The school will integrate consciousness research and traditional cultural teachings into coursework that covers all required subject matter. Conventional subjects will be approached in an interdisciplinary and holistic manner, incorporate project-based learning, service learning and include study of the world within.

In addition to plans for its own new school, Continuum Center has been invited to expand its role in north Minneapolis . In the midst of the achievement gap in that district,

Continuum has been asked by a Minneapolis Public Schools initiative to provide its Discovery of Self training to the teaching staff and the students of a new satellite site.

This new site is designed to expose children to a hybrid academic model and to a new paradigm casting them as pools of talent waiting to be tapped, challenged and motivated, rather than “high risk.” The current plan is for Continuum to provide teacher training and direct delivery to students of the Discovery of Self curriculum three days a week. The proposed second phase is that Discovery of Self would be provided to all ten schools in this north side initiative.

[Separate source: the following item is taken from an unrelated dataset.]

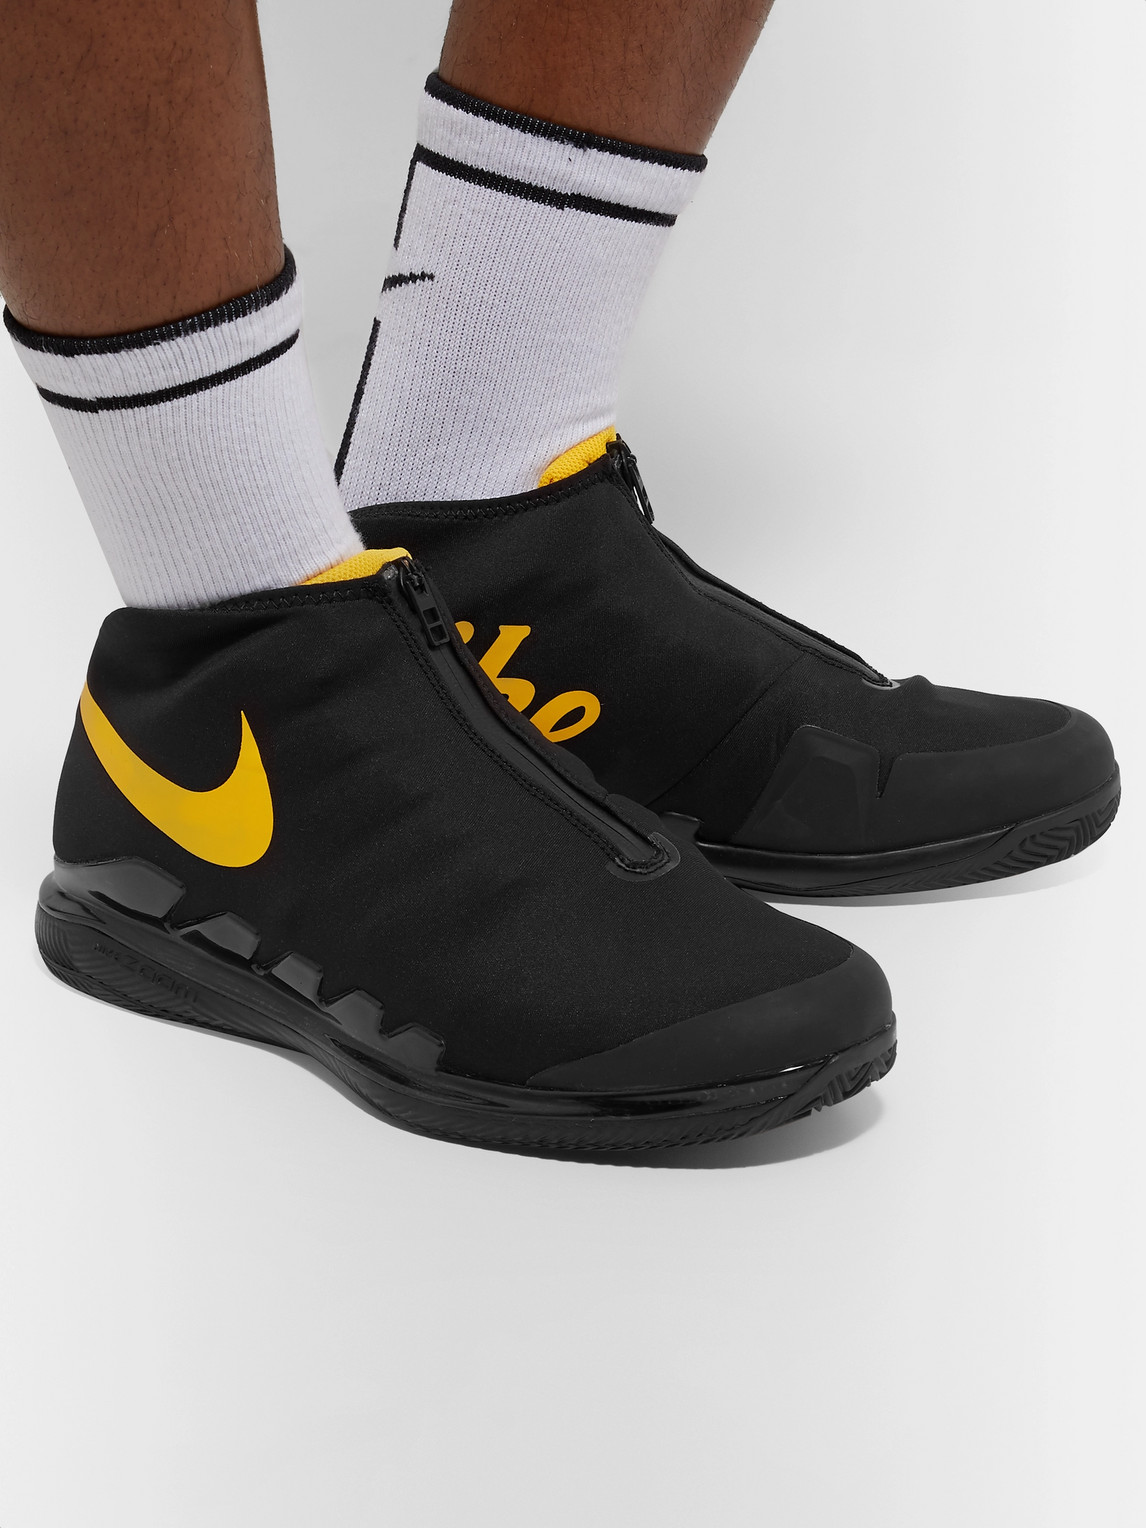 Nike Sneakers AIR ZOOM VAPOR X GLOVE NEOPRENE, RUBBER AND MESH TENNIS SNEAKERS

Careino Gurley is one of four facilitators in training to teach Discovery of Self, and as a former “high risk” student of the program more than 15 years ago, his participation at this level is a wonderful demonstration of perseverance paying off, and that what goes around, comes around. “I think the medicine of the 21st century is inspiration, and there isn't a lot out there right now,” says Barrash. “But I think inspiration can, with some tools and proper orientation, be something that really can be used as a walking stick to move us all forward.”